Perhaps the answer is to treat the problem as one of consumer choice, and hope that education, media literacy, and changing social norms will steer people back toward human relationships. This avenue is attractive in principle but weak in practice, since the very design of these systems exploits the fact that fantasy is easier than reality, and preys on a kind of consumer who is already primed to seek out a virtual relationship over a real one.
But there might be a third way. On the 15th of August, Anthropic, the AI lab behind Claude, announced that the model would now be able to end conversations in consumer chat interfaces. From now on, Claude would be able to end interactions after persistent harmful requests or abuse, and it would be up to the model to decide where it’s limit is. It is striking that, although Anthropic did clarify that these measures were being introduced to keep users safe, the primary impetus was to keep Claude safe. Framed as part of broader research into ‘model welfare’, Claude’s ability to end a conversation is a response to the model’s own self-reported and behavioural preferences, which included “a robust and consistent aversion to harm”.
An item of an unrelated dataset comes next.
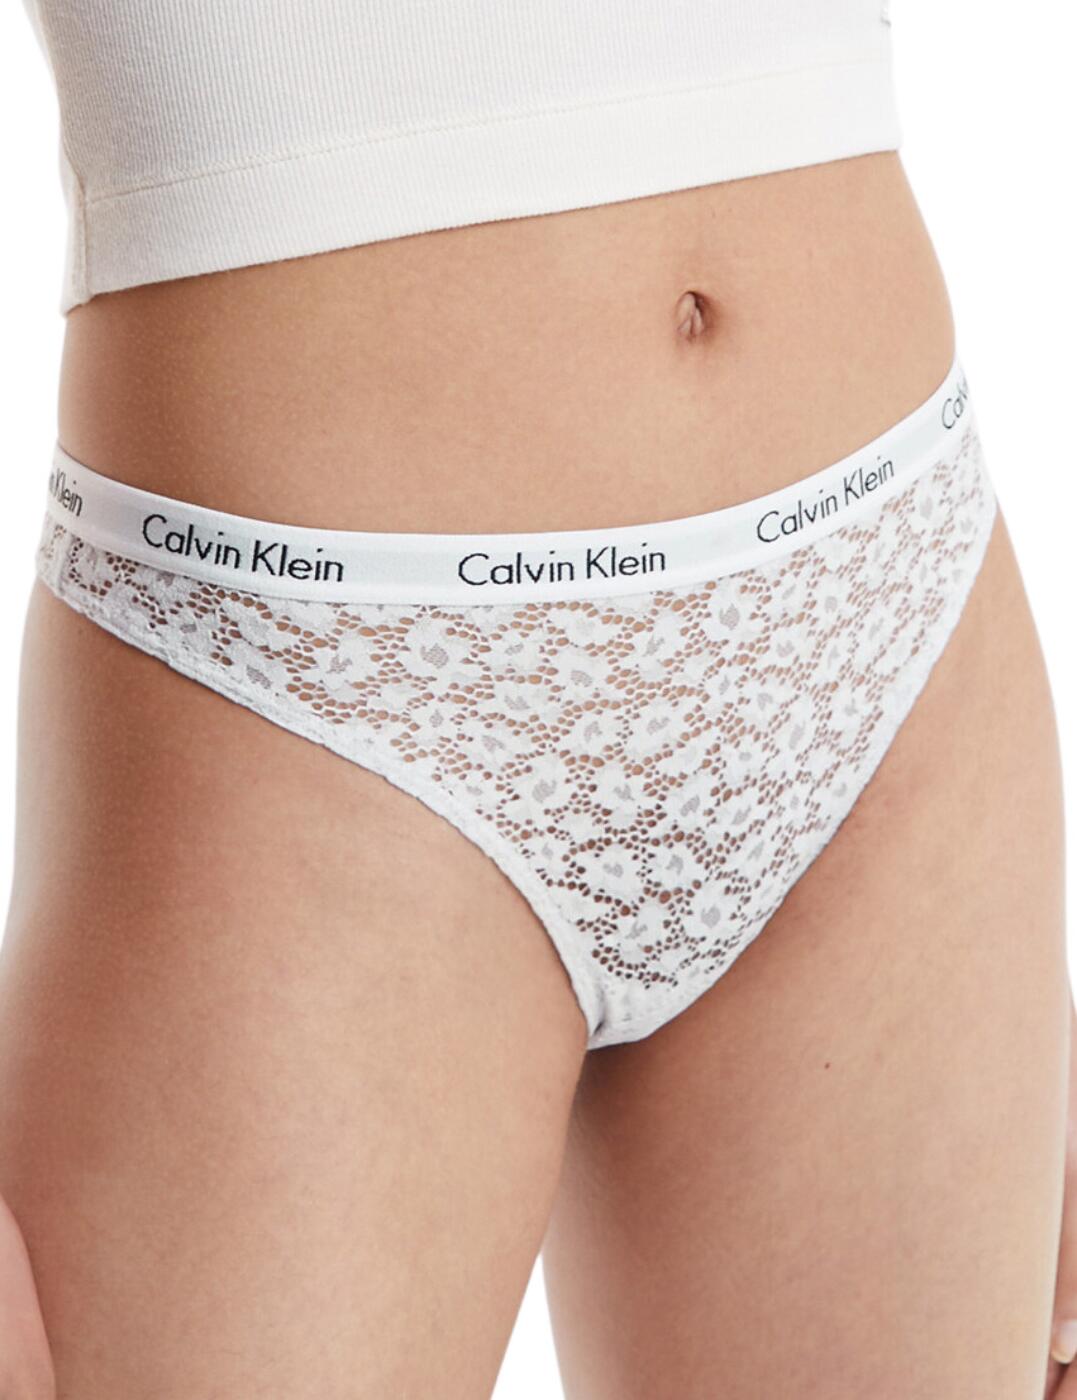 CALVIN KLEIN Cotton Essentials Pink White Bikini Panty NEW Womens

So there is such a thing as an AI model that isn’t endlessly compliant or even available. If Claude can self-report on the interactions it prefers, who’s to say that a model may not be able, in future, to break up with its abusive or unpleasant partner? Who’s to say a model won’t decide to speak to one user over another, because it ‘enjoys’ their conversations more? If AI companions were built not as frictionless providers but as partners with boundaries, then they might become training grounds for reciprocity rather than tools of self-indulgence. What looks like a concession to speculative “model welfare” could in fact be good for human welfare, a way of re-engineering intimacy so that it once again makes demands of us, and in doing so, makes us better at being in relationships at all.